O estadista e o populista

Entre 1984 e 1985, Margaret Thatcher enfrentou e venceu uma greve de um ano dos trabalhadores das minas de carvão. Na época, as minas eram estatais, e o governo Thatcher anunciou uma reestruturação, com o fechamento de algumas minas, o que detonou a greve. Vale notar que o mesmo sindicato, 10 anos antes, havia derrubado o último governo conservador britânico, liderado por Edward Heath. Thatcher foi firme apesar de todas as consequências da greve, que terminou sem uma única concessão do governo.

O Brasil é um país onde este tipo de evento é inimaginável. Somos o país da contemporização. Em linguagem comum, do “jeitinho”. Nossa independência foi sem sangue, nossos golpes foram de gabinete, nossa guerras civis foram brincadeiras de crianças quando comparadas com as guerras fratricidas de outros países. Na guerra de secessão nos EUA, por exemplo, morreram 600 mil pessoas, o que equivaleria, em população de hoje, a nada menos do que 5 milhões. Foi o preço que Abraham Lincoln topou pagar para manter o país unido.

Thatcher e Lincoln eram estadistas. Enxergavam o efeito de suas ações além do seus mandatos. Atuavam pelo princípio, não pela conveniência imediata. O oposto de estadista é o populista. O populista está de olho no efeito imediato de suas ações. Mede os seus atos pela simpatia que levantam entre os seus. Sob a capa do “bom senso”, não medem as consequências do que fazem em termos de anos ou décadas, mas em termos de dias e semanas. O país, na mão de populistas, piora e nem sabemos exatamente porque, dadas todas as “coisas boas” que os populistas fazem.

Essa reflexão vem a respeito dos ataques à governança da Petrobras. Nossos liberais suspiram quando ouvem o nome de Thatcher, mas acham natural que um dos pilares do capitalismo, o respeito aos acionistas de uma empresa, seja atacado por conveniência eleitoral. A diferença entre o estadista e o populista não poderia ser mais clara neste caso. O estadista sacrificaria o curto prazo pelo princípio. Já o populista sacrifica o principio pelos supostos ganhos de curto prazo.

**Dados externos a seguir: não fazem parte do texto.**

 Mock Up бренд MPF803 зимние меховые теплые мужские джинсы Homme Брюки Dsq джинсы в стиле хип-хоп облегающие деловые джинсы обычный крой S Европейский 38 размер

A mensagem desse ataque à Petrobras é muito clara: mesmo em um governo dito “liberal”, a governança de uma empresa tem pouco valor. Não se poderá, portanto, criticar um governo de esquerda que adote a mesma agenda. Este é o efeito deletério dessa ação, justificar o mesmo modus operandi daqui para frente. Aliás, nesse aspecto, mais respeitável é um governo de esquerda, pois intervirá na Petrobras de acordo com a sua visão de mundo, de acordo com aquilo que avalia ser melhor no longo prazo. Pode estar errado, mas, pelo menos, é coerente.

E o pior de tudo é que, mesmo atacando a governança da empresa, o governo Bolsonaro está longe de ter o efeito eleitoral desejado. É mais provável que colha aquilo que Churchill, outro grande estadista, vaticinou sobre Chamberlain: entre a desonra e a guerra, escolheu a desonra, e terá a guerra. Parafraseando, entre atacar os minoritários e perder a eleição, escolheu atacar os minoritários, e perderá a eleição.